もやもやした気持ちを抱えたまま、デートの日を迎えた。
コンサート開演の三十分前に会場前で待ち合わせをした玲。この日仕事が休みだった玲は、朝からしっかりと準備を整え、時間前に来ることができた。七森は今日は出勤だ。接客が長引くと集合時間はおろか開演にさえ間に合わない可能性もあったが、幸いにも彼は時間ピッタリに現れた。
理央から貰ったチケットを提示してコンサートホールへ入場する。席は一階席の前から十列目、中央からやや左寄りの場所だった。ホール内でも音がバランスよく聞こえる席で、ステージよりやや高い位置にあるため全体を無理なく見渡せる人気の席だ。
席につき、パンフレットで演目を確認しながら、七森は曲や演奏者について子どものように目を輝かせて話す。三日前ならば、そんな彼の様子に玲は心ときめかせただろうが、今はどうしてもHARUのことが頭をよぎってしまう。コンサートが始まっても心のもやもやは晴れず、七森とのデートであることを抜きにしても心待ちにしていたコンサートだったはずだが、その音色はまるで街の喧騒のように玲の耳を素通りするだけだった。
「──さすがはポツダム交響楽団だよね。日本のオーケストラとは、やはり迫力が違うよ」
約二時間の演奏が終わり、コンサートホールを出た二人は、繁華街へ向かって歩いていた。七森は興奮冷めやらぬ様子で、コンサートを振り返りながら思いを語っている。

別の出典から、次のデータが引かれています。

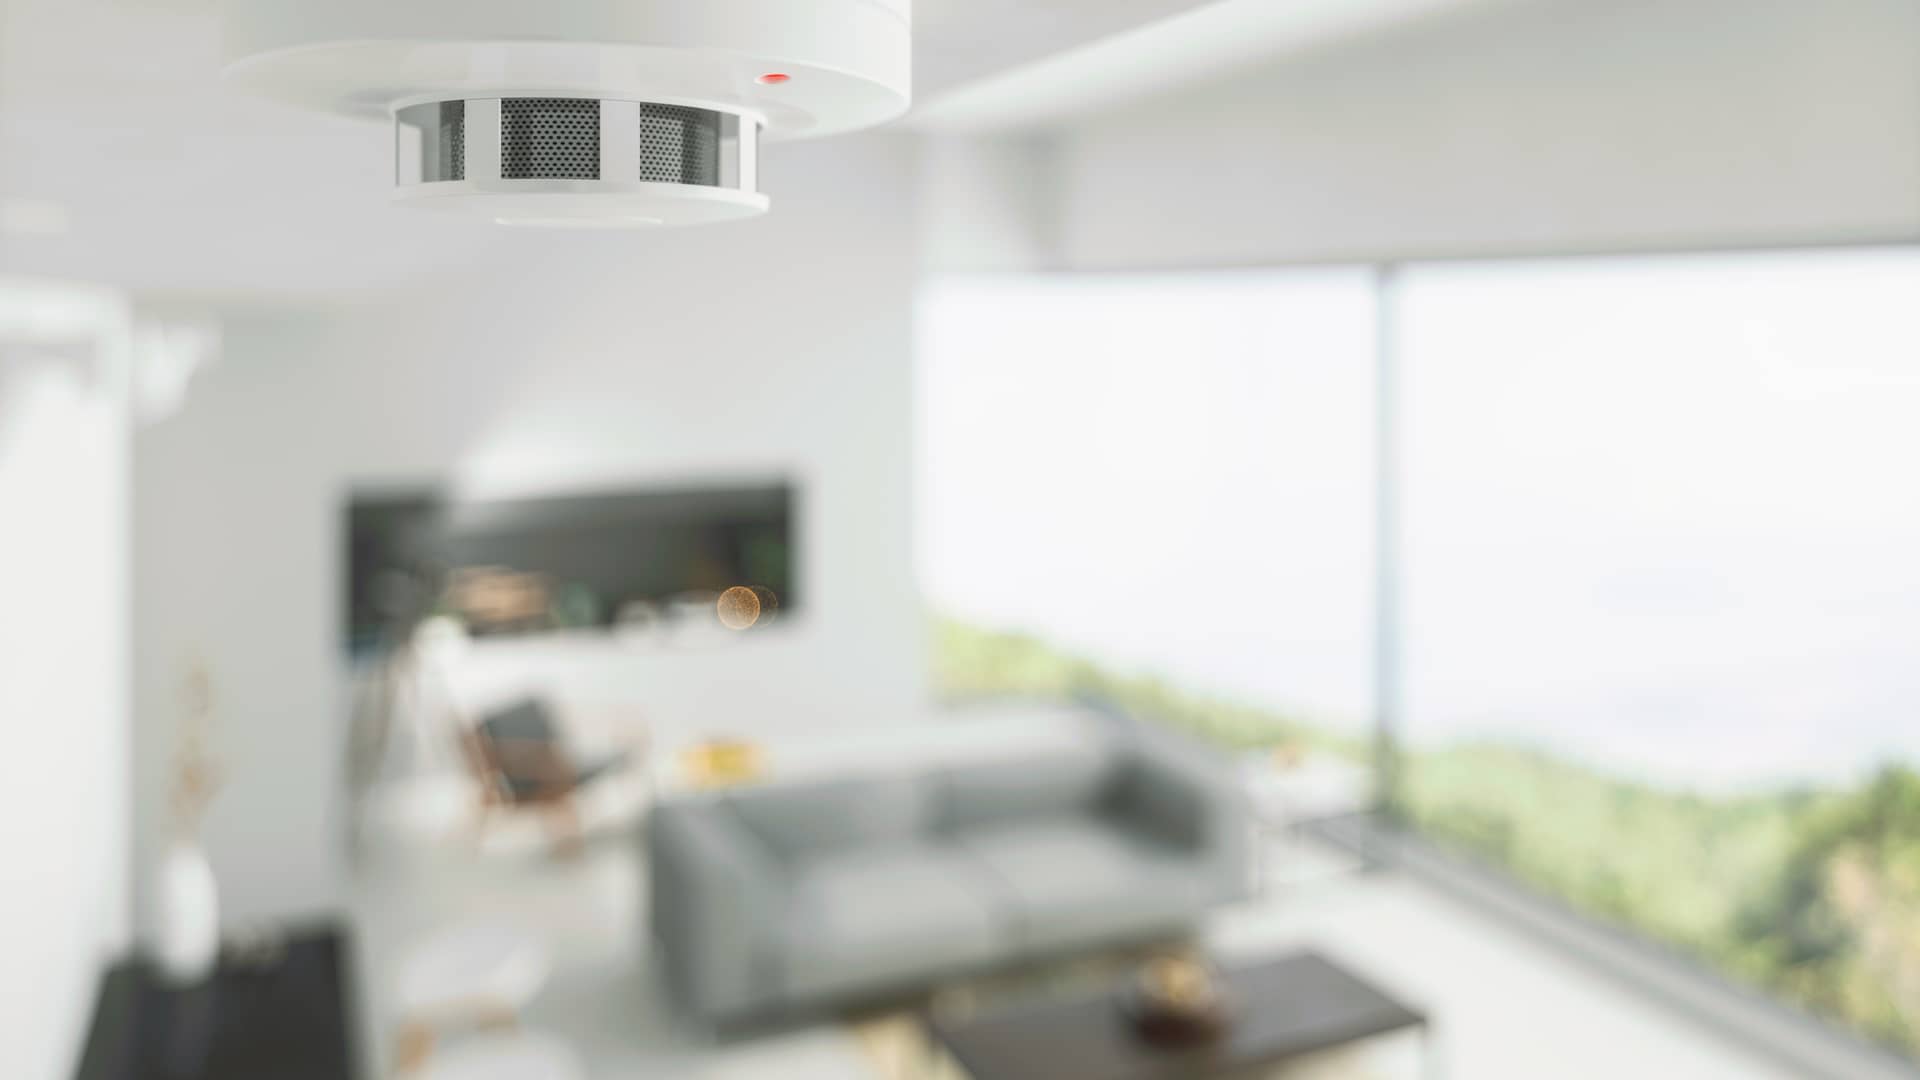 Sensores de alarma de securitas direct instalados en vivienda

「岩井割哉も素晴らしかったよね。まだ若いのに、ポツダムの演奏に引けを取らない堂々とした演奏だったと思う」
そんな七森に対し、玲は「はい、そうですね……」と、曖昧に返事をするだけだった。頭の中は、ずっとHARUと七森の関係について考えている。
「……どうした木崎? 今日はなんか、元気ないな?」
心配するような声の七森に対し、玲は「え、いえ、そんなことないですよ?」と、慌てて取り繕う。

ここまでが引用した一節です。